No fim de seu mandato, o chefe da agência da ONU para refugiados afirma que as decisões orçamentárias estão sendo tomadas por pura necessidade de sobrevivência: "Tivemos que cortar, cortar e cortar... Não dá para ser estratégico assim", lamenta.

A reportagem é de Lola Hierro, publicada por El País, 10-12-2025.

No dia 1º de janeiro, Filippo Grandi (Milão, 68 anos) deixará o cargo de alto comissário do ACNUR, a Agência da ONU para Refugiados, após 10 anos de serviço.
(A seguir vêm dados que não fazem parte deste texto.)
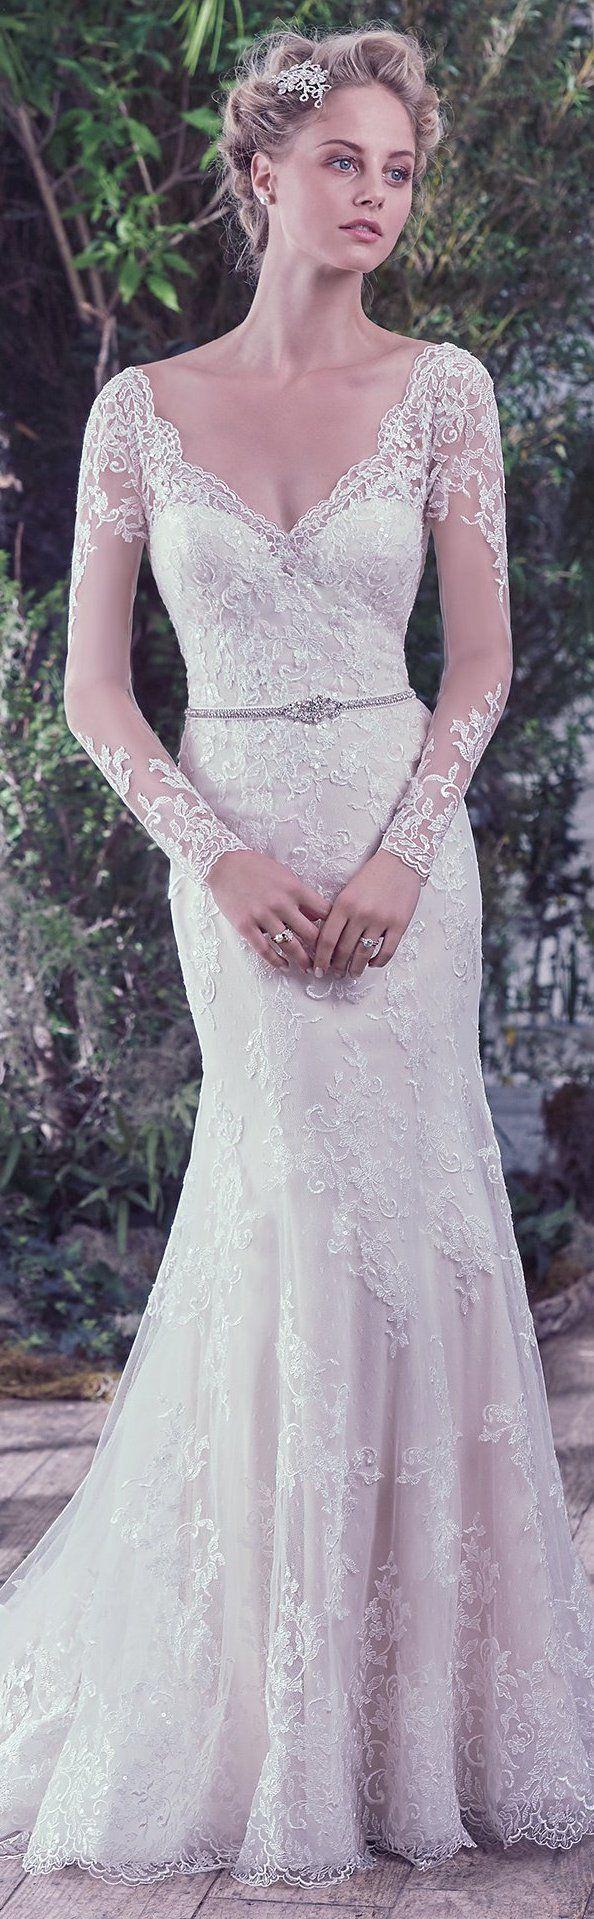 Ronald joyce lace wedding dress september 2018  best Wedding Winter Wonderland Theme images on Pinterest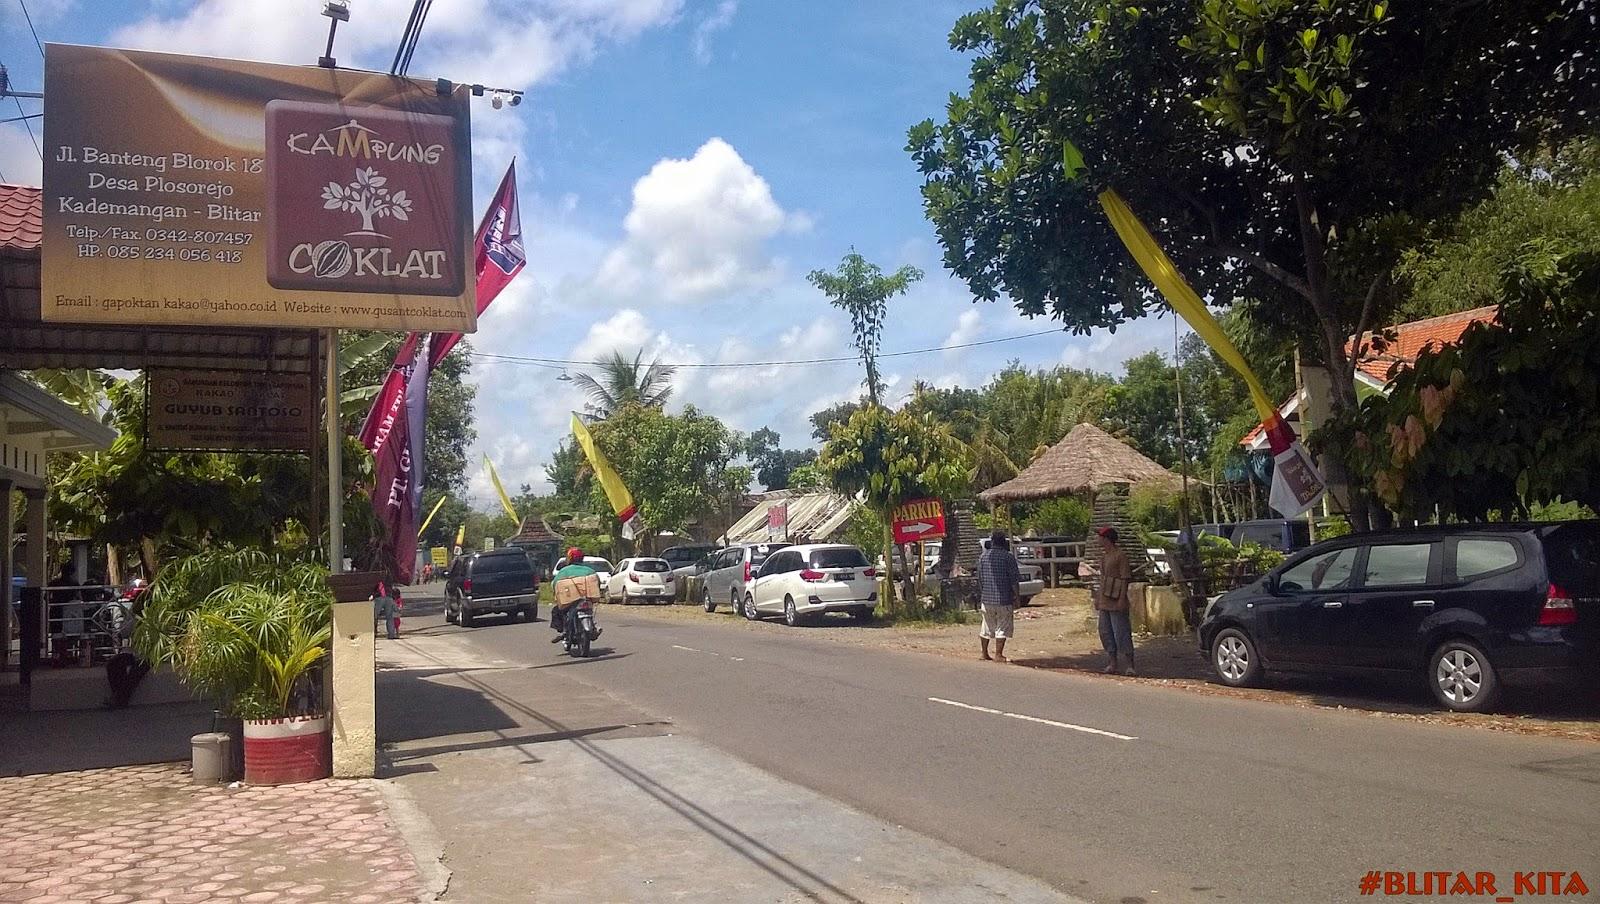 Berwisata Sambil Belajar Kampung Coklat Blitar Kemapata Online Berlokasi Jalan

Na semana passada, Grandi visitou Madri para receber a Grã-Cruz da Ordem de Isabel a Católica, em reconhecimento à sua carreira e ao seu compromisso com a defesa dos direitos dos deslocados internos, uma condecoração que lhe foi entregue pelo primeiro-ministro, Pedro Sánchez.

Grandi expressou gratidão à Espanha, um país “motivado pela solidariedade”, mas em vários momentos da entrevista, admitiu estar “irritado” e “furioso” com os países europeus que não só cortaram o financiamento da ajuda externa, como também se queixam do crescente número de refugiados que chegam aos seus territórios. Os dados corroboram a sua indignação, visto que 2025 foi um ano devastador para as agências de ajuda humanitária: com o desmantelamento da Agência dos Estados Unidos para o Desenvolvimento Internacional (USAID) pela administração Trump e a redução do financiamento de importantes doadores tradicionais, como a Alemanha, a França e o Reino Unido, os projetos do ACNUR terminaram 2025 com 3,9 mil milhões de dólares (aproximadamente 3,35 mil milhões de euros) em fundos disponíveis. Este valor representa uma diminuição de 25% em comparação com 2024 e aproxima-se dos níveis de 2015, quando o número de deslocados internos em todo o mundo era metade dos 122 milhões atualmente registados.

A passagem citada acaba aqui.